In a region hit hard by a second massive snowstorm in four days, Frederick stood out, said David Buck, a spokesman for the State Highway Administration.
"What was unique," Buck said, "was that the snow kept falling hard very late there, and they got the full 50-plus-mile winds that had been predicted. Based on what our own people experienced out there, people could be moving along and within not very many minutes realize they couldn't move forward, and the snow was backfilling behind them.
"I can't imagine what that felt like."
Chris Perry knows.
"I kept thinking, 'I know this is a once-in-a-lifetime snow, and I hope I make it home to relive it with my wife,' " he said.
He gathered the stack of clothes he kept in his SUV -- the clothes his wife says she was forever telling him to tidy up -- and layered them on: hooded sweat shirt, coat, hiking boots. He cleared snow from around the Explorer's tail pipe and stepped outside every so often to clear snow from the hood and roof so rescuers could spot him.
He sparred with the heat, turning on the engine every hour or so, very briefly, to make the most of his fuel.
Meanwhile, Frederick firefighters and medics Jeff Buchanan and Larry Kessler pulled out of the Westview Fire Station in Frederick about 7 p.m. Wednesday in a truck with a snowplow attached, knowing only that they were going to help a guy stuck on New Design Road.
The usual 20-minute trip from the station took 90 minutes, and when they got within sight of Perry's SUV, they came upon a five-foot-tall wall of snow that stretched for 100 yards, said Buchanan, a seven-year department veteran.
They began to walk but "quickly realized it was too windy and too cold to go farther," Buchanan said, and their truck was low on fuel. Snowplows, which had been pulled off roads during the whiteouts, would have to go through once more before they could make it to Perry, Buchanan recalled thinking. The firefighters planned to try again at 5 a.m.

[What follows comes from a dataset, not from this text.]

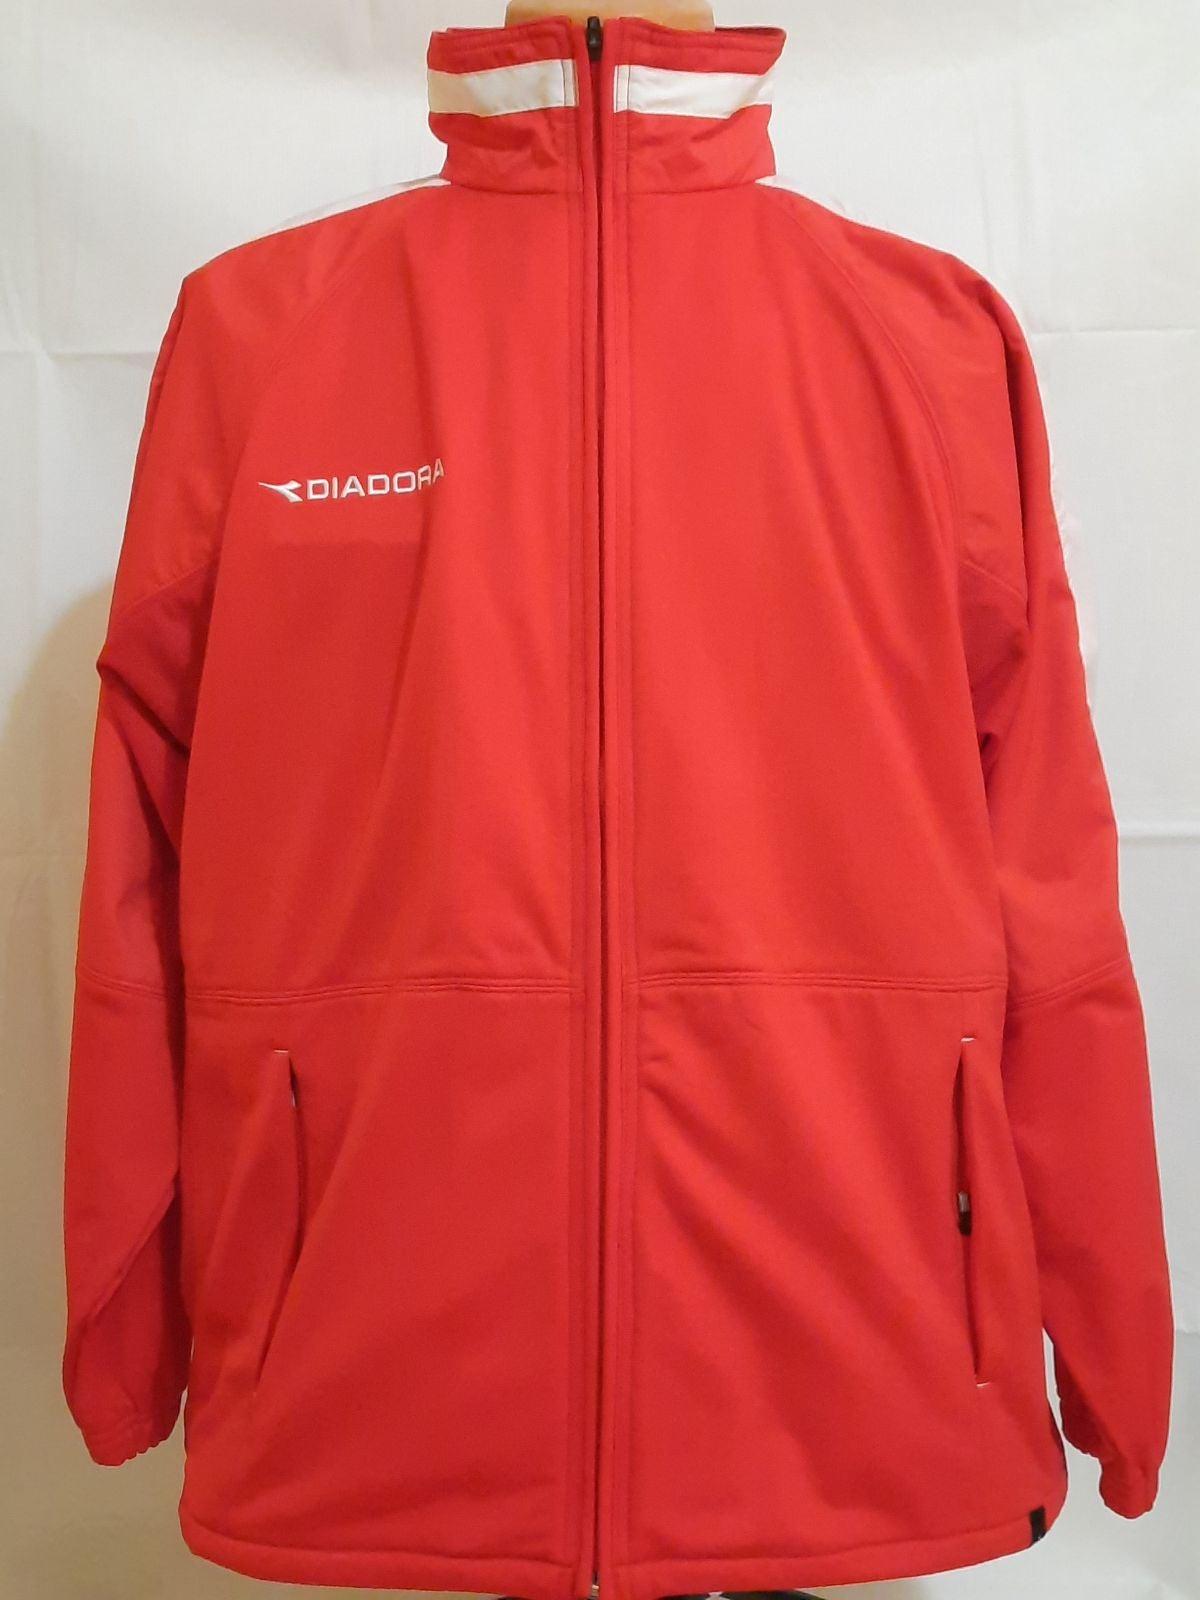 NWT DIADORA Attiva Jacket Size L

Taking a different road, they got stuck again.
"Out of nowhere," Buchanan said, a farmer with a tractor made his way toward them, pulling in front of their truck and cutting a path. They drew closer to Perry, painfully slowed by the snow until Buchanan said he started to think "this was turning into a recovery operation" rather than a rescue. About a quarter-mile from the Explorer, in more than three feet of snow, the firefighters' truck got stuck yet again.
They got out and began walking.
Perry, who had decided he would wait until 10 a.m. "and then do whatever I had to do to try to make it out," saw a truck's distant lights and thought, "God bless them, the rescue team."
Buchanan saw movement in the SUV and felt "shocked. We didn't believe he was alive."
At 9 a.m., Buchanan handed Perry a cellphone to call his wife and parents.
"I only talked to him for a minute or two, but those minutes ended the longest hours of my life," Yara Perry said.
The firefighters reported that they had a rescue and could use a hand getting Perry back. A resident who had offered his snowmobile for emergency operations took the three back to the firefighters' truck. Perry declined an offer to go to a hospital.
"I was fine, and I wanted to get home," he said, adding that he "did some praying" as he sat in the dark. "And I'd been thinking all night about my wife."
Home together, they planned to spend the night watching movies, Chris Perry said Thursday. "We're staying in."